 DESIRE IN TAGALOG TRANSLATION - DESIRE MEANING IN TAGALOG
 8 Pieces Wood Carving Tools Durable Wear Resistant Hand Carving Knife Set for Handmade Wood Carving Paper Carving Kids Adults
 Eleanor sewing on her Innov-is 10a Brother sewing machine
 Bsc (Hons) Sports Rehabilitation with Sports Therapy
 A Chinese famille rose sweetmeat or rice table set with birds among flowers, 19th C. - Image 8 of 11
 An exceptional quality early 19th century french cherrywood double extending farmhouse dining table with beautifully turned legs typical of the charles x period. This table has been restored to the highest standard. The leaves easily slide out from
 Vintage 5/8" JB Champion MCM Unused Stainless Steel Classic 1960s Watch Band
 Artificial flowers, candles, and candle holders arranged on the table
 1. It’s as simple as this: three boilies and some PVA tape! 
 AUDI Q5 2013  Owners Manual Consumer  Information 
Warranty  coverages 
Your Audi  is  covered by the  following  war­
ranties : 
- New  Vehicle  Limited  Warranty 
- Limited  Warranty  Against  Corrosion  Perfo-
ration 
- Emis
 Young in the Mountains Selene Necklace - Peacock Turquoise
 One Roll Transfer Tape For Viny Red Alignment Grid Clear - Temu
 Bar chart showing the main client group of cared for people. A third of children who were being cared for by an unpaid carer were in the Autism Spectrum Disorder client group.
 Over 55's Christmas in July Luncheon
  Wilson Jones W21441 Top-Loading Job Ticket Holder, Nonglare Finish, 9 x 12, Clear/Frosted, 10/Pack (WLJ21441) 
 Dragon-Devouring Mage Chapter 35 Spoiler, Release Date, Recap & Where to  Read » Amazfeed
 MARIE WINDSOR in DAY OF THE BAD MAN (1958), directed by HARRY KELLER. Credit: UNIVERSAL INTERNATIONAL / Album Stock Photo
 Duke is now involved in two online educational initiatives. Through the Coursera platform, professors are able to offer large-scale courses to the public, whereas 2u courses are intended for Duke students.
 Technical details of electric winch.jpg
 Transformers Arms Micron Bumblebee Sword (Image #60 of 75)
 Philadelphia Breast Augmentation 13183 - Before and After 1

- - - - - - -

PROBLEM REQUIREMENTS> Reproduce verbatim the lines above, from the line with "Wilson Jones W21441" through the line with "Technical details of electric winch.jpg".

SOLUTION BELOW>
  Wilson Jones W21441 Top-Loading Job Ticket Holder, Nonglare Finish, 9 x 12, Clear/Frosted, 10/Pack (WLJ21441) 
 Dragon-Devouring Mage Chapter 35 Spoiler, Release Date, Recap & Where to  Read » Amazfeed
 MARIE WINDSOR in DAY OF THE BAD MAN (1958), directed by HARRY KELLER. Credit: UNIVERSAL INTERNATIONAL / Album Stock Photo
 Duke is now involved in two online educational initiatives. Through the Coursera platform, professors are able to offer large-scale courses to the public, whereas 2u courses are intended for Duke students.
 Technical details of electric winch.jpg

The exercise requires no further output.